Sam wants to retry the case, but has brought forward no new substantive evidence.  His whole motive in this last article was to save face.  Nothing he has said exculpates King’s Covenant Eschatology from Universalism.  There is only one verdict the evidence will support: Guilty!  Covenant Eschatology stands condemned.


[1] According to Siegle, the “body of death” is mankind under the Mosaic law:  “This is why Paul cried out for deliverance from the Mosaic "body of death" (Rom. 7:24).”  Siegle; from a comment posted on PlanetPreterist.

[2] Max R. King, The Cross and the Parousia of Christ, p. 644.

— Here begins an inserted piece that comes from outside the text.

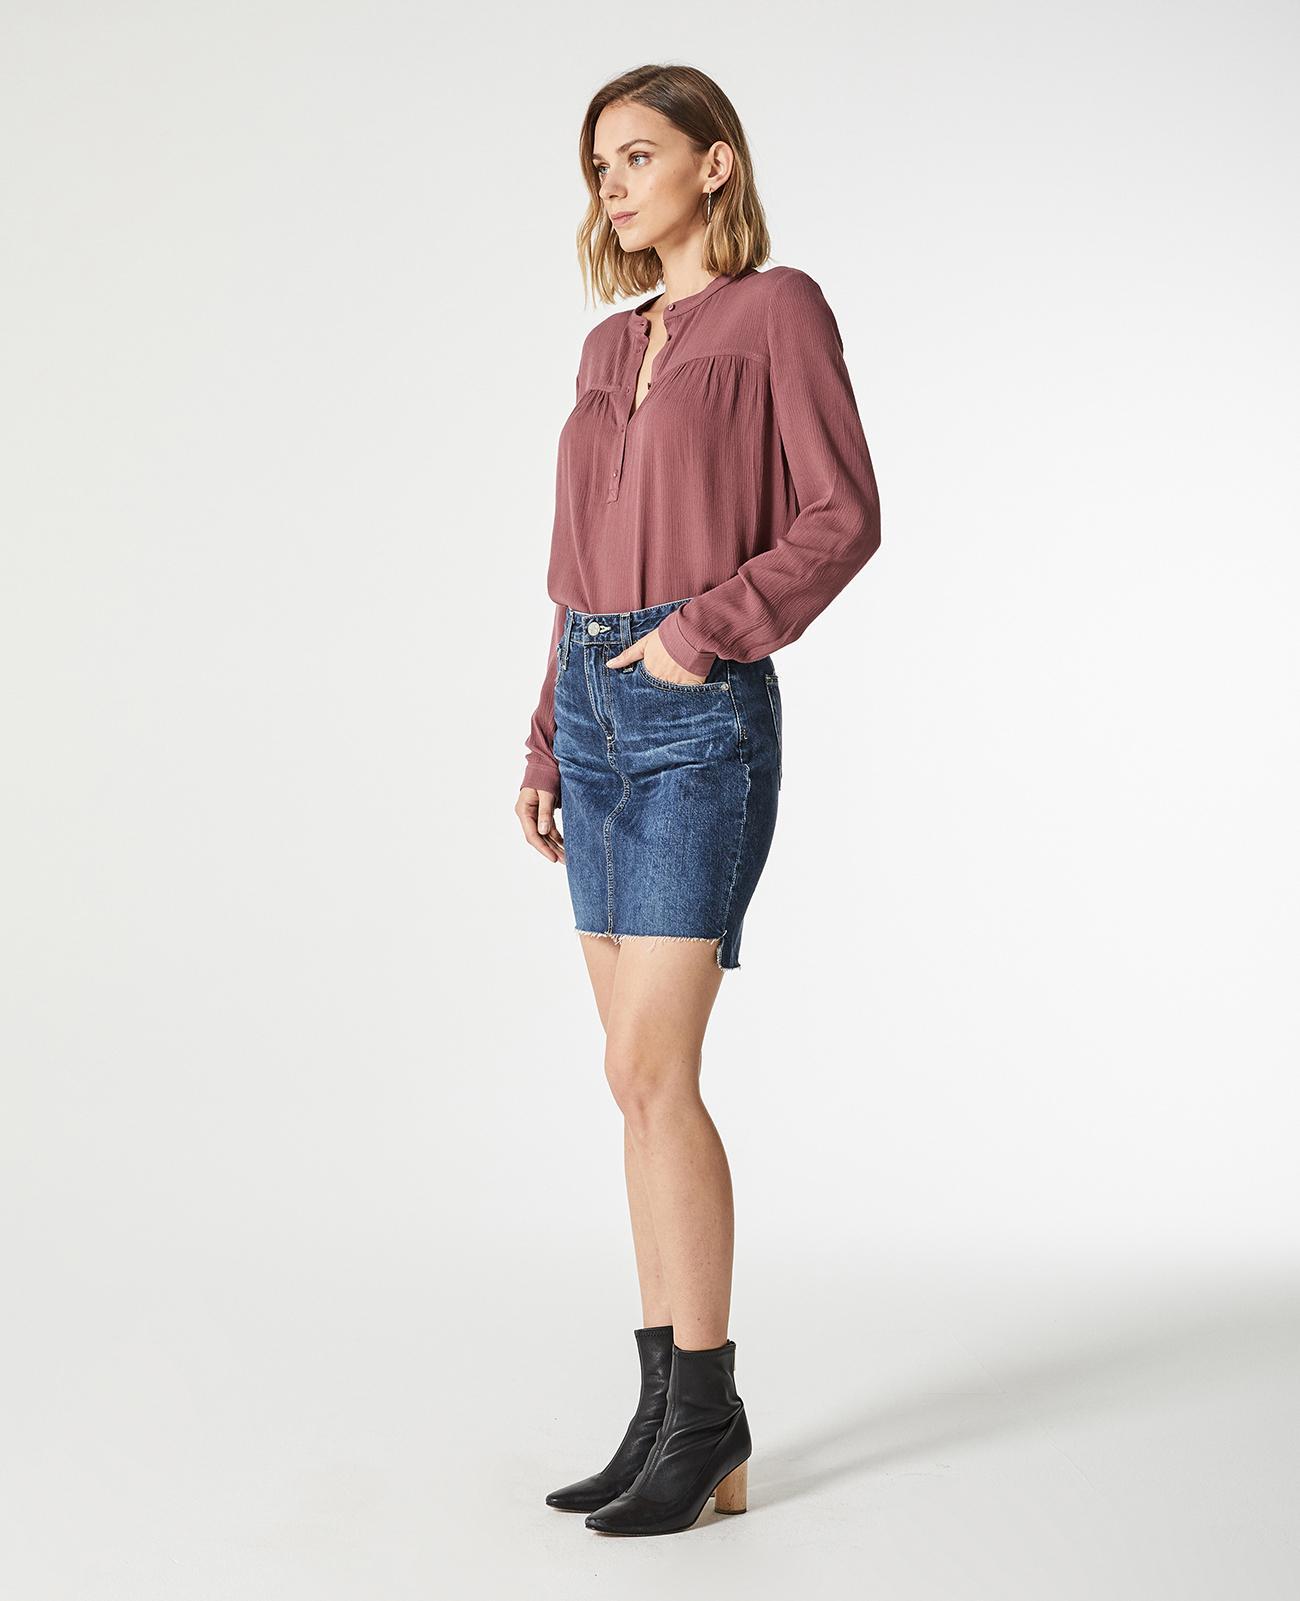 The Erin Skirt
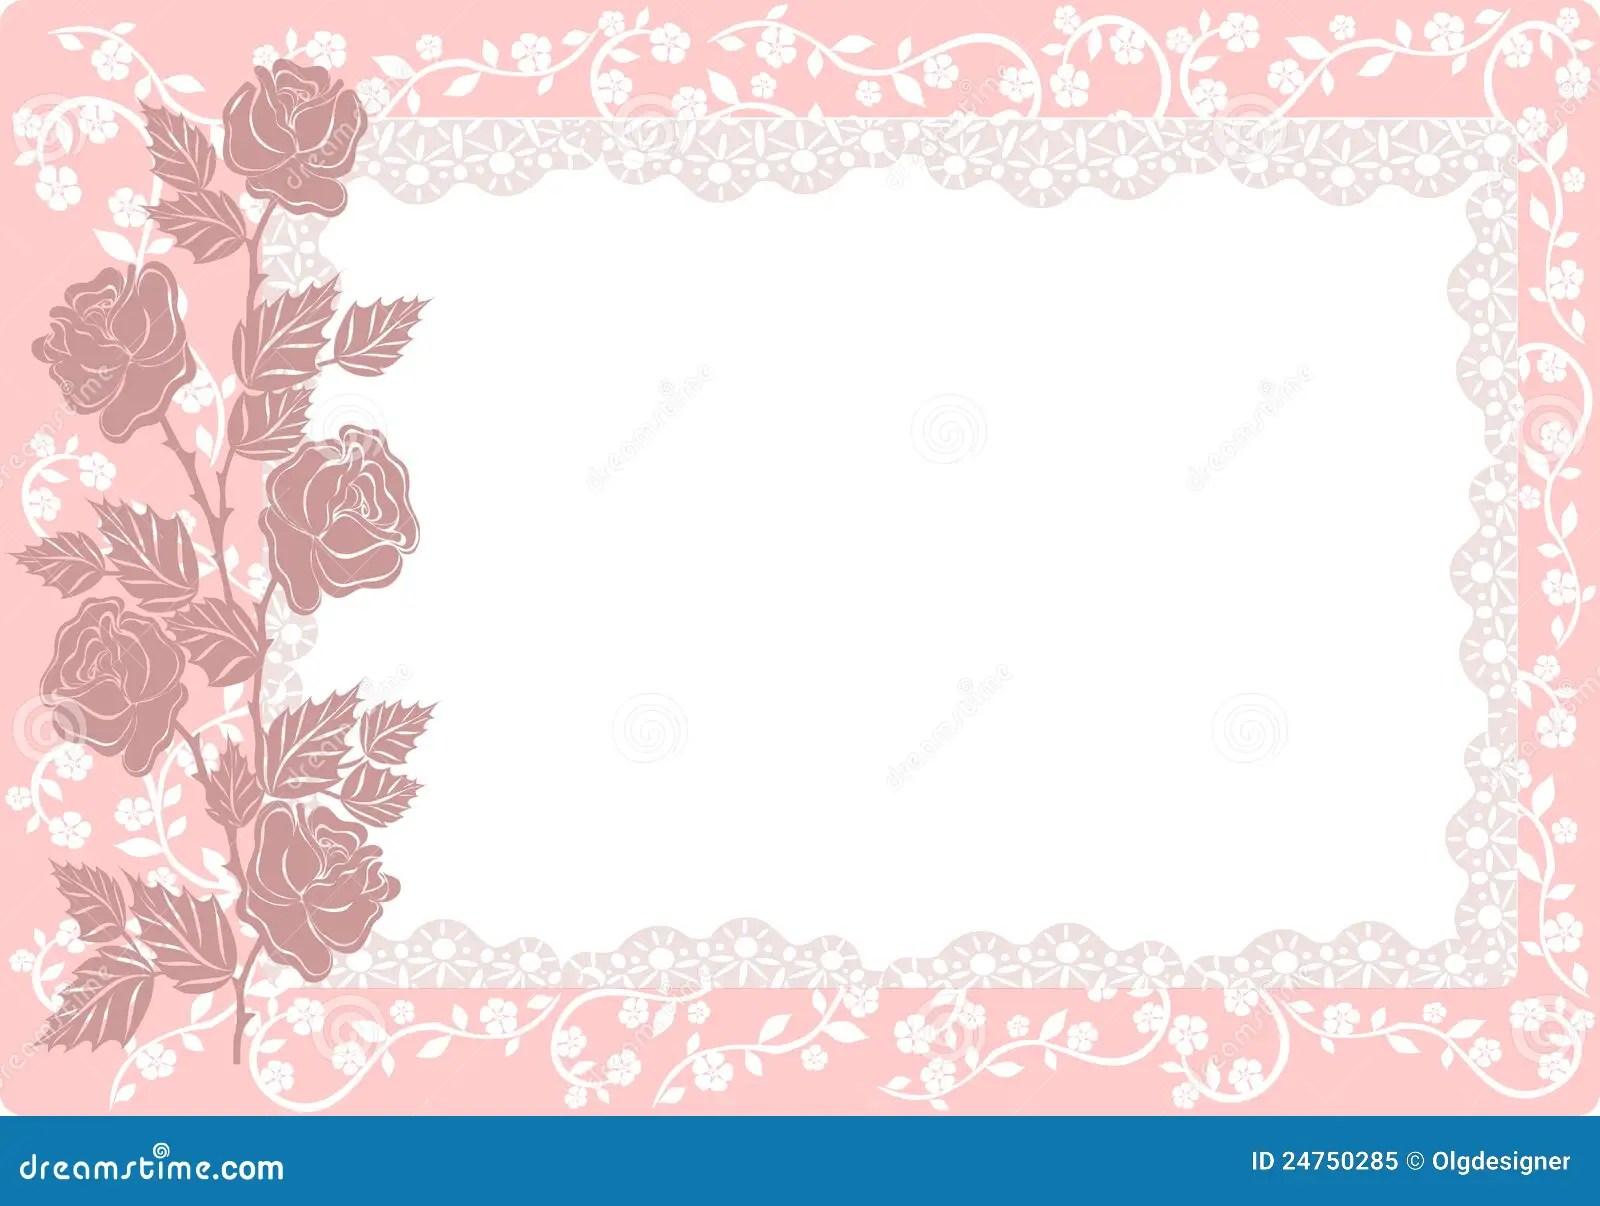 Verzierung Mit Rosen Vektor Lizenzfreies Stockfoto

[3] According to Siegle, the “body of death” is mankind under the Mosaic law:  “This is why Paul cried out for deliverance from the Mosaic "body of death" (Rom. 7:24).”  Siegle; from a comment posted on PlanetPreterist.

[4] Max R. King, The Cross and the Parousia of Christ, p. 644.

[5] Max R. King, The Spirit of Prophecy (Warren, OH, 1971), pp. 144.

[6] Max R. King, The Cross and the Parousia of Christ, p. 644.

[7] “The essence of "Covenant Eschatology" is the removal of the effects of sin and death through the applied meaning of Christ's death carried through the Parousia in A.D. 70. The "collective" or "corporate" view is the only logical approach that takes up the theme of redemptive history and carries it to its victorious conclusion in Christ Jesus.” – From a post by Larry Siegle on appended to Sam’s last article.  Notice how much Larry sounds like King, and how little he sounds like the Bible.

[8] Samuel M. Frost, Exegetical Essays on the Resurrection of the Dead (Truth Voice Pub. 2004), p.157.

[9] Homer Hailey, The Minor Prophets (Hosea) (1193, Religious Supply, Inc.), p. 181.

[10] Foy E. Wallace Jr., The Book of Revelation (Ft. Worth, 1966), pp. 429, 430.